> **Description of the task**:
At the line containing "Cuello Redondo Casual", begin an exact copy of the lines below and continue through the final one, with no pictures.

> **Information supplied**:
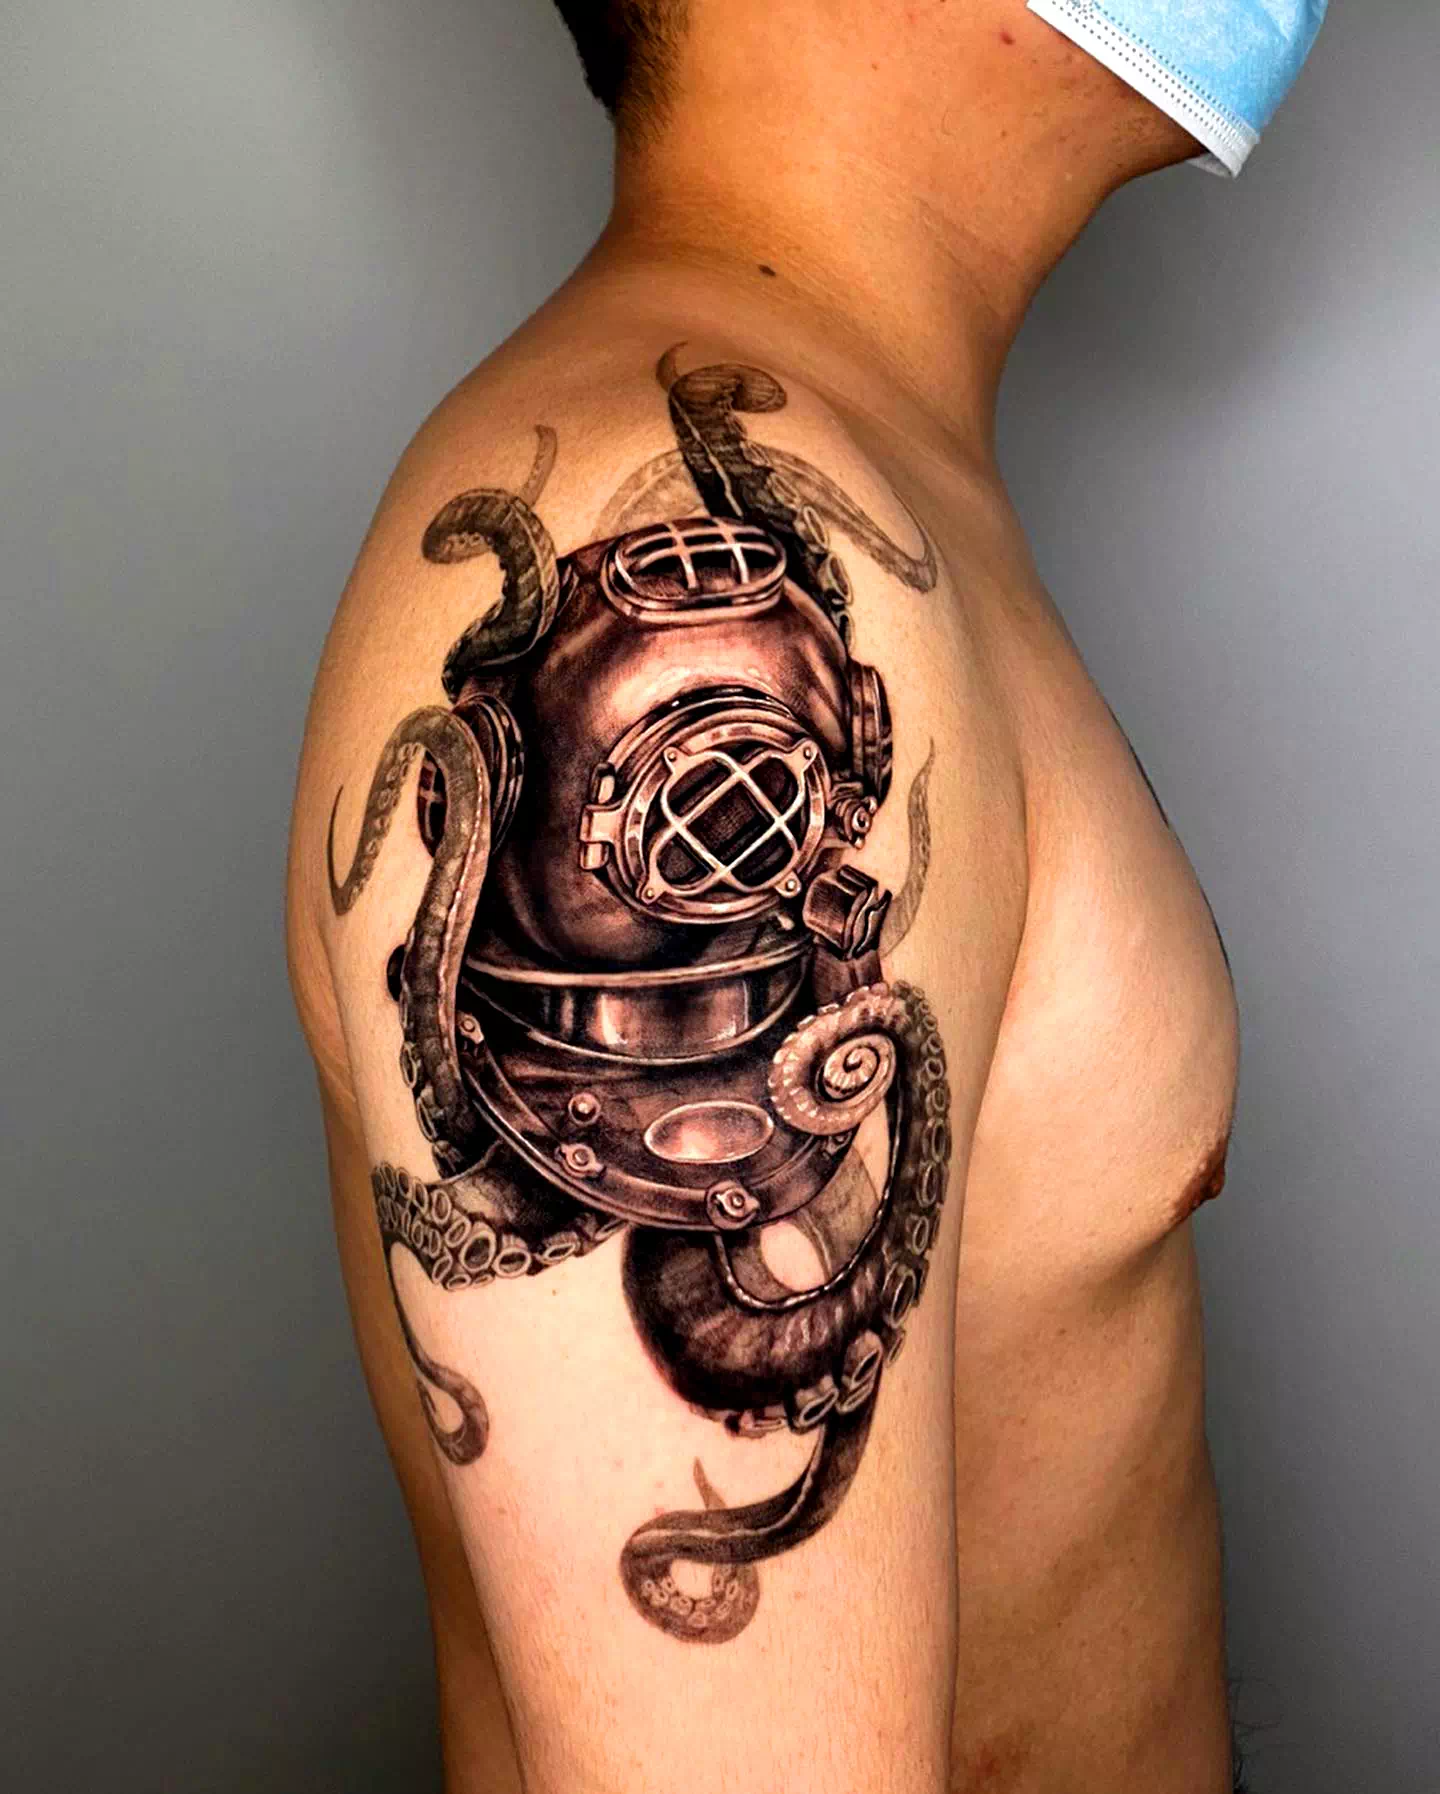 Tatuaje de pulpo y barco 3
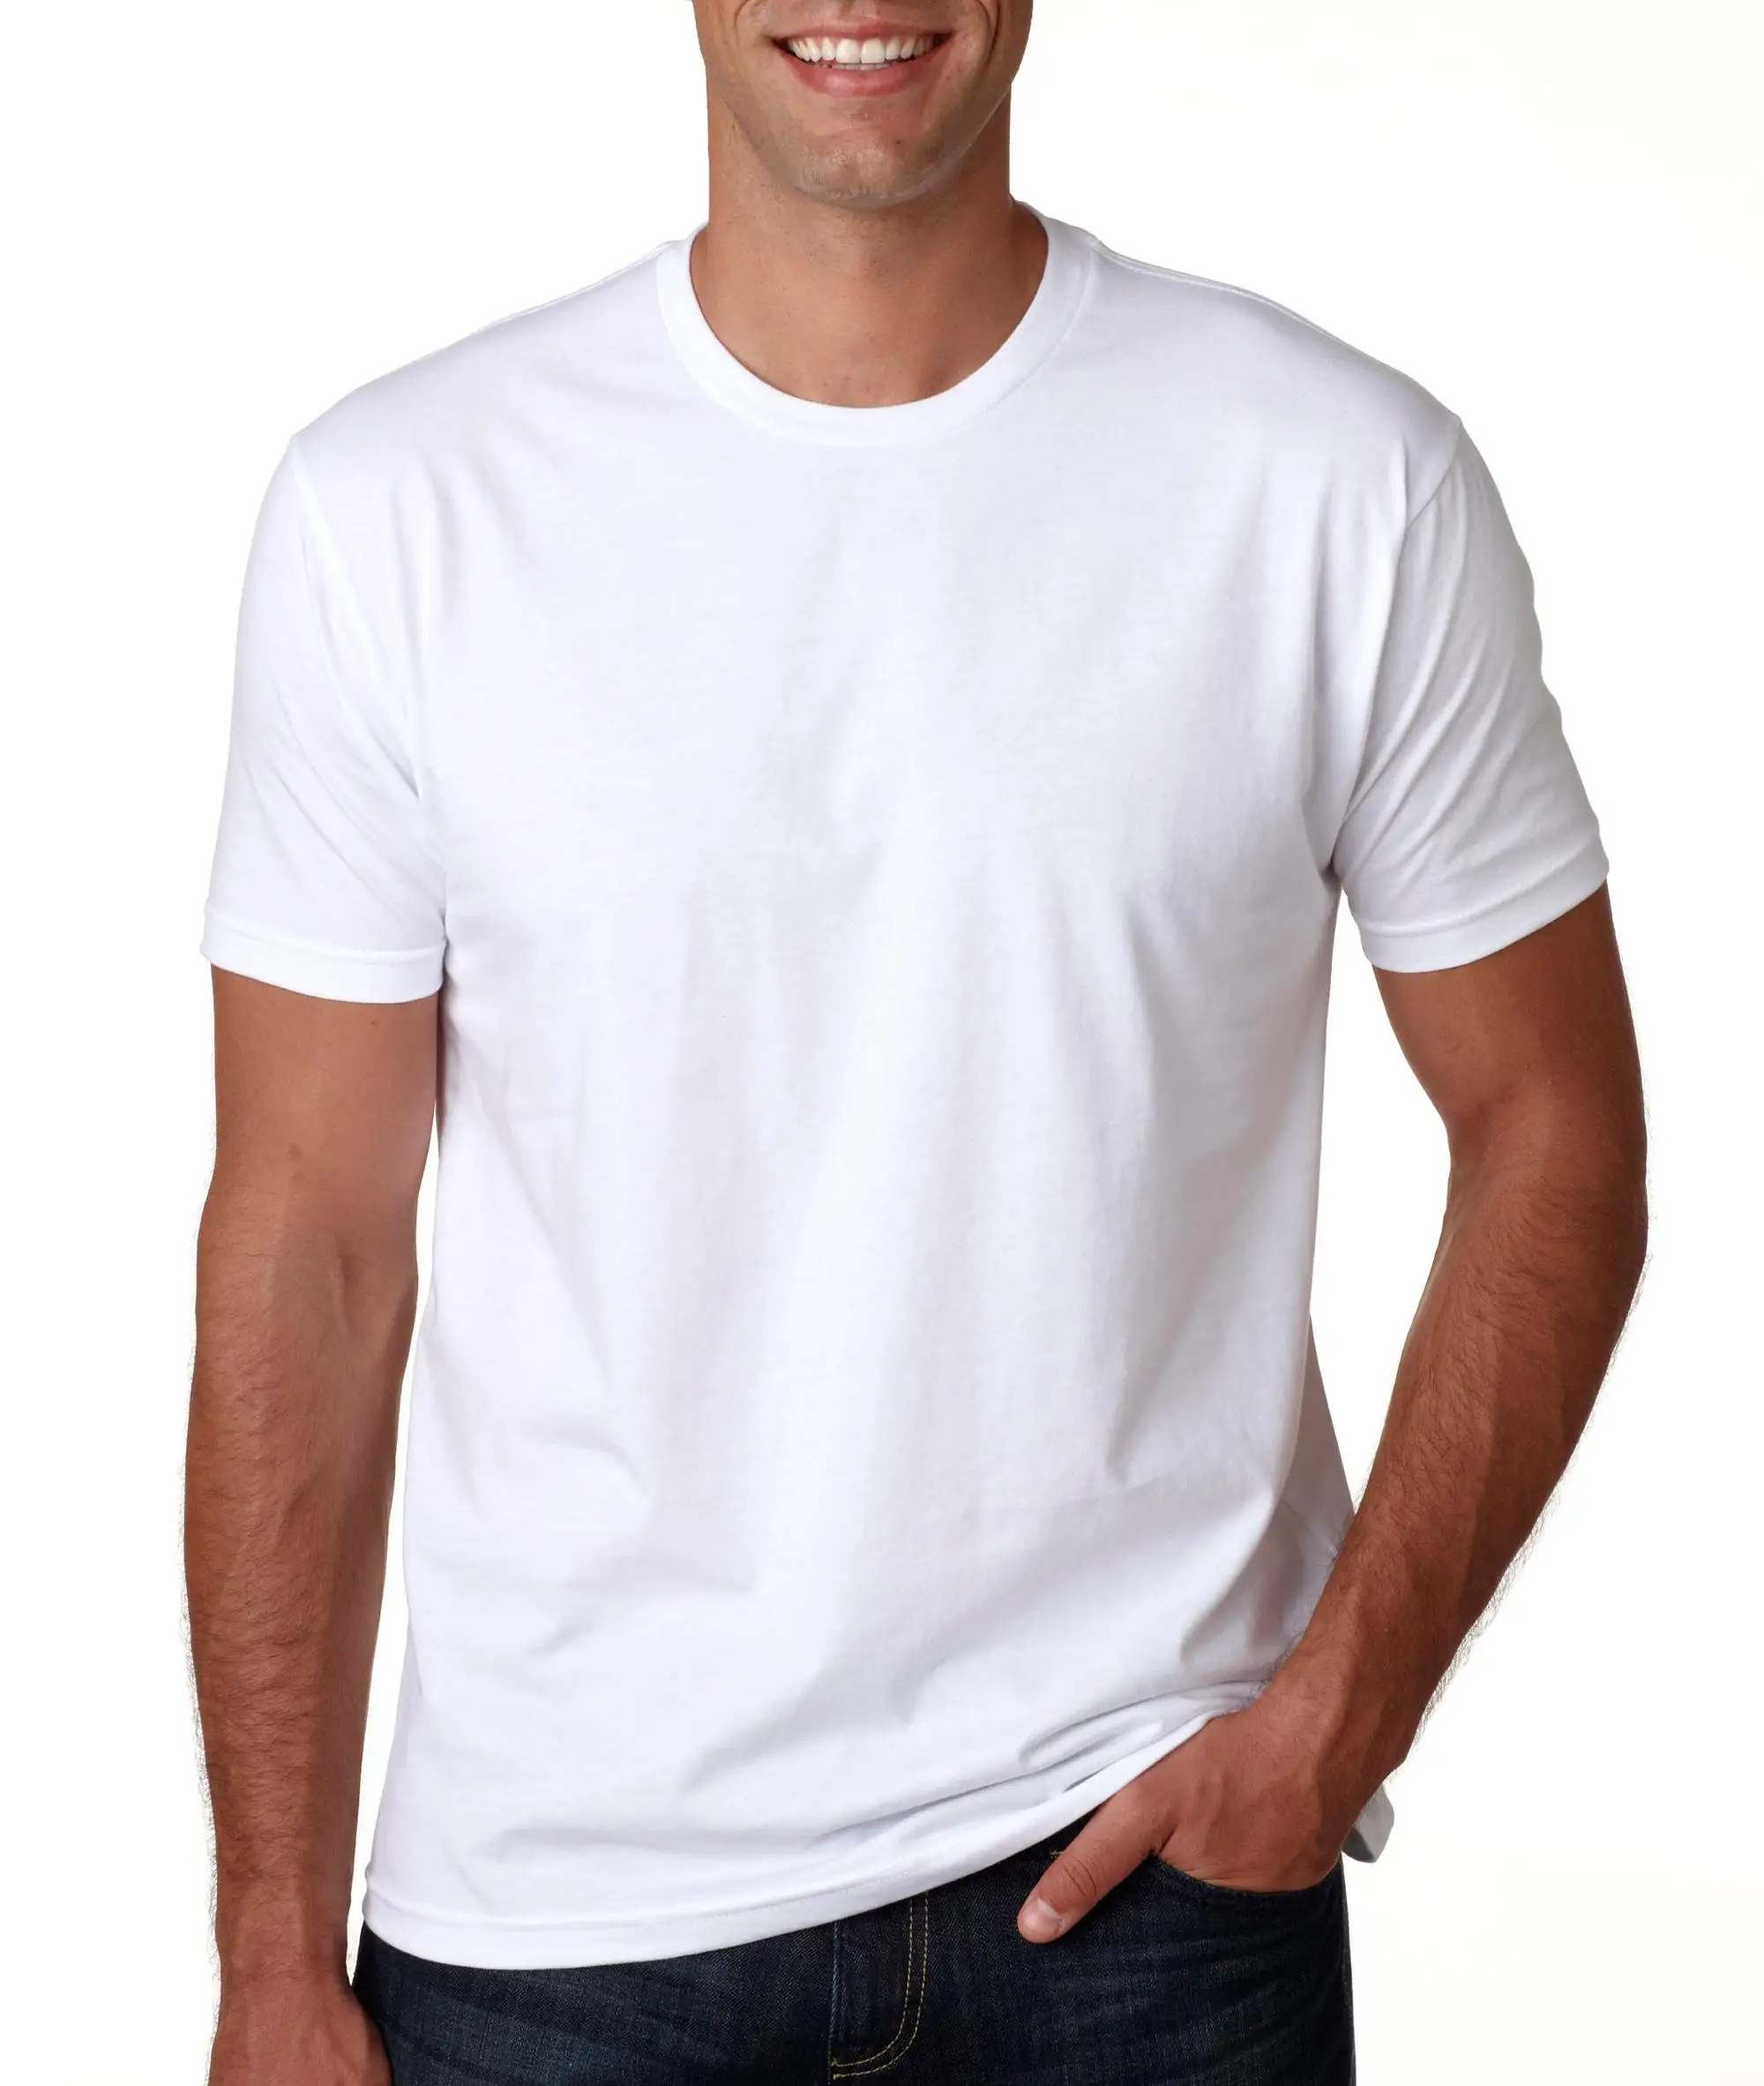 Cuello Redondo Casual Para Hombre Camiseta Blanca Lisa - Buy Barato Llanura  Blanca Camisetas,A Granel Blanco Camisetas,Delgado Blanco Camisetas Product  on Alibaba.com
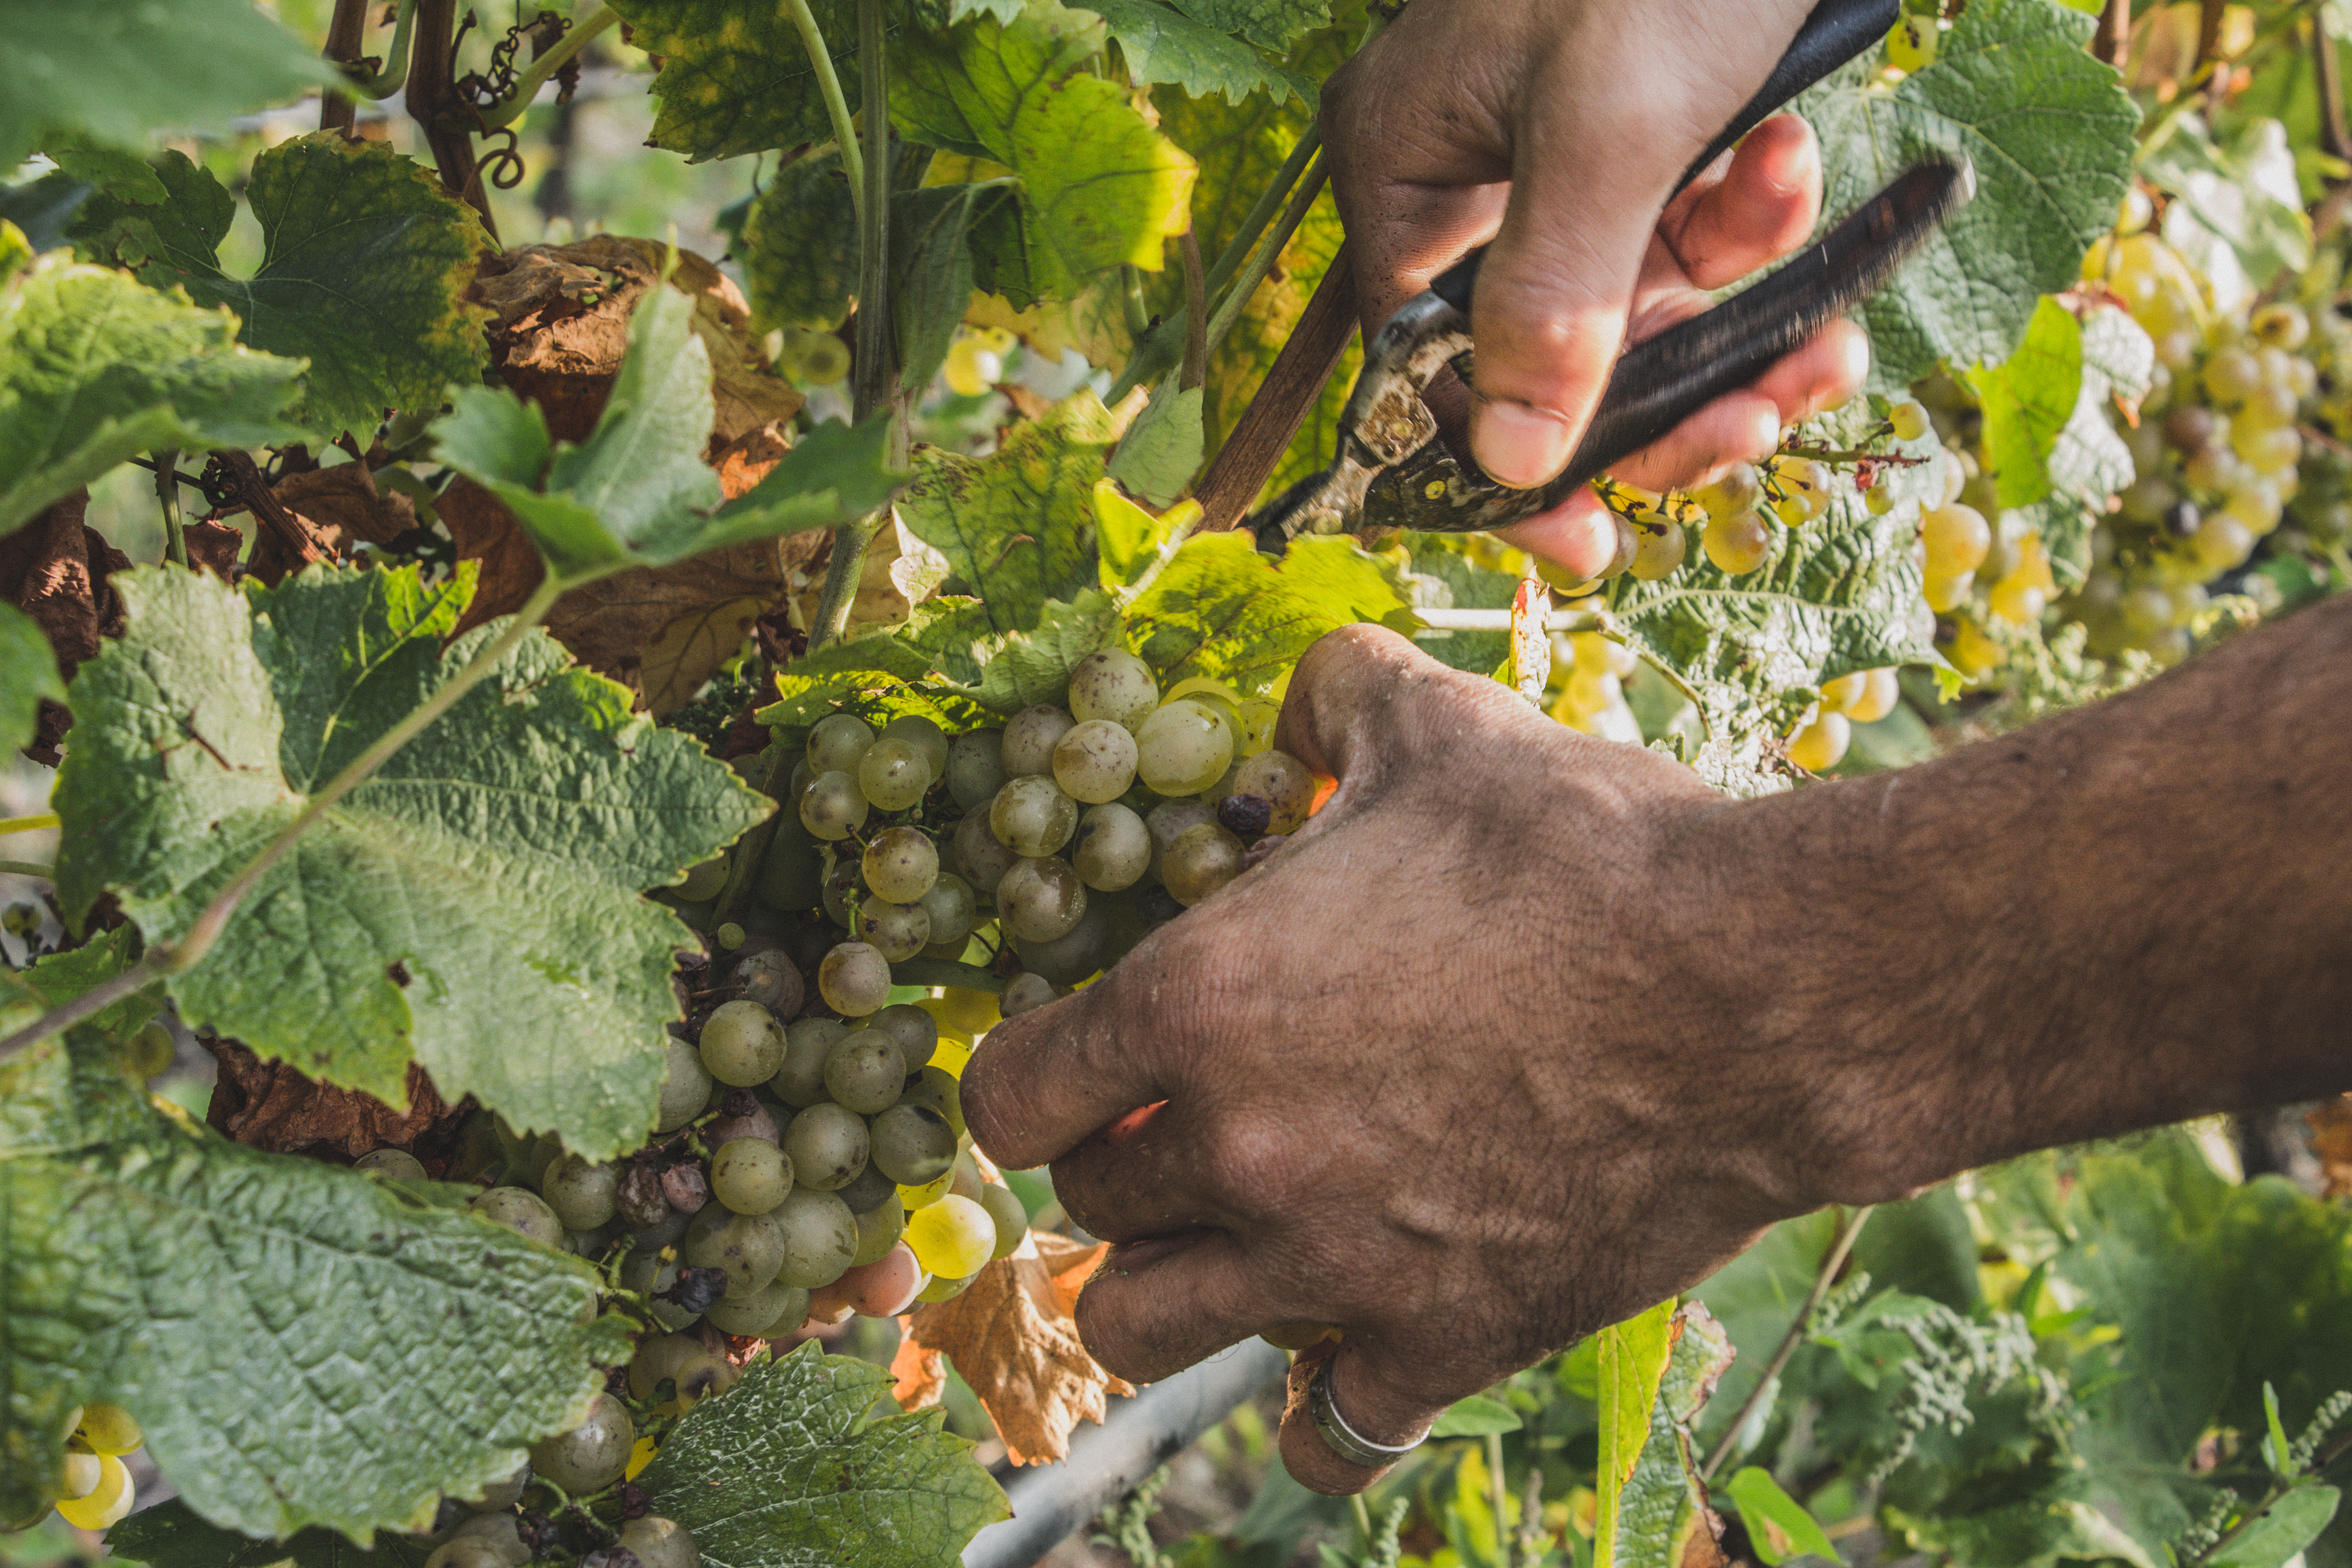 Vendemmia lunga e per single vineyards, Monte Zovo punta sulla valorizzazione dei terroir

> **Answer**:
 Cuello Redondo Casual Para Hombre Camiseta Blanca Lisa - Buy Barato Llanura  Blanca Camisetas,A Granel Blanco Camisetas,Delgado Blanco Camisetas Product  on Alibaba.com
 Vendemmia lunga e per single vineyards, Monte Zovo punta sulla valorizzazione dei terroir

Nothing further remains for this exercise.